In the preparation method of the macrocyclic phenolic glycoside compound (I-1), the step d is to perform MCI GEL GEL column chromatography on the product C, perform gradient elution by using 0%, 30%, 60% and 95% ethanol solution, collect 30% elution parts, perform chromatographic separation by using 200-mesh and 300-mesh silica GEL column, perform gradient elution by using ethyl acetate-methanol of 20:1, 15:1, 10:1, 5:1 and 3:1 in sequence, and collect 1 bottle of eluent per 100 mL; spotting each bottle of eluent through a thin-layer plate, developing with ethyl acetate-methanol at a ratio of 1:1, taking an elution section with an Rf value of 0.3-0.5, performing silica gel column chromatography, performing gradient elution with ethyl acetate-methanol at a ratio of 15:1, 10:1, 5:1 and 1:1 in sequence, recovering a solvent from an elution part at a ratio of 5:1, concentrating and drying to obtain the macrocyclic phenolic glycoside compound sorgholide A (I-1).
The application of the macrocyclic phenolic glycoside compound in preparing the medicines for preventing and treating thrombotic diseases.
In the application of the macrocyclic phenolic glycoside compound in preparing the medicine for preventing and treating thrombotic diseases, the macrocyclic phenolic glycoside compound is used in a dosage of 3-6 mug/kg of body weight per day.
In the application of the macrocyclic phenolic glycoside compound in preparing the medicines for preventing and treating thrombotic diseases, the macrocyclic phenolic glycoside compound is used alone or in the form of a pharmaceutical composition, and the pharmaceutical composition contains 0.1-99% of the macrocyclic phenolic glycoside compound, and the balance is a medicinal carrier or excipient.

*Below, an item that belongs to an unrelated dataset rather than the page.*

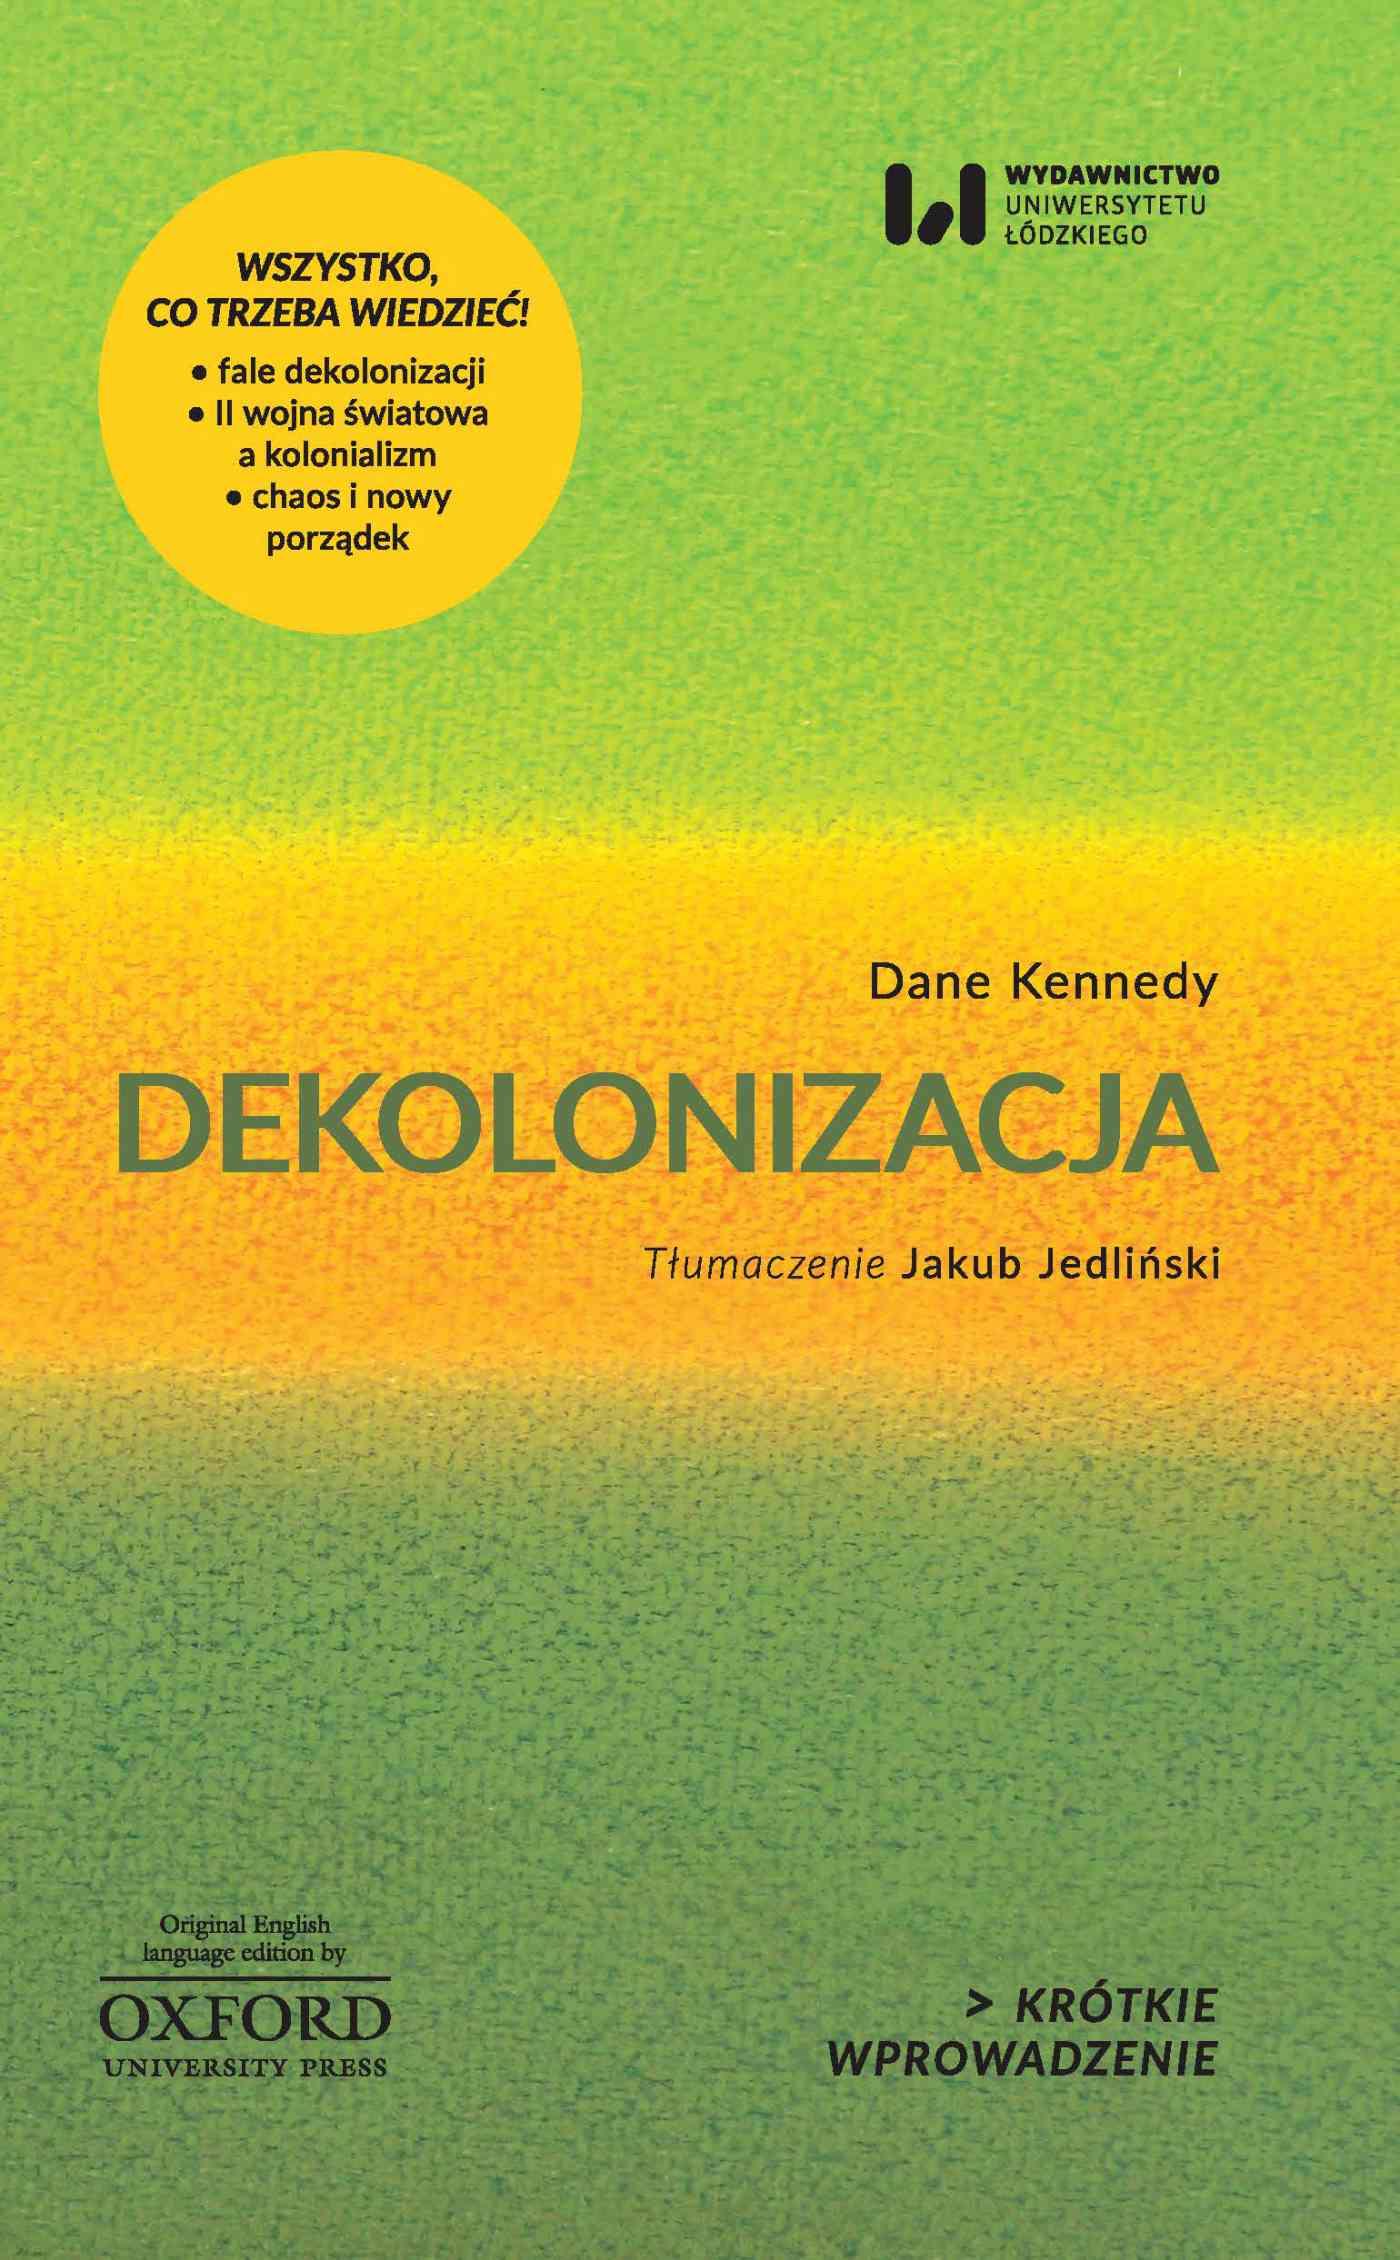 Dekolonizacja. Krótkie wprowadzenie 3 - Ebook (Książka na Kindle) do pobrania w formacie MOBI

In the application of the macrocyclic phenolic glycoside compound in preparing the medicines for preventing and treating thrombotic diseases, the medicinal carrier or excipient is one or more of solid diluent, semisolid diluent, liquid diluent, filler and other medicinal auxiliary agents.
In the application of the macrocyclic phenolic glycoside compound in preparing the medicines for preventing and treating thrombotic diseases, the dosage form of the pharmaceutical composition is clinically acceptable injection, suspension, emulsion, solution, syrup, tablet, capsule, granule, spray and aerosol.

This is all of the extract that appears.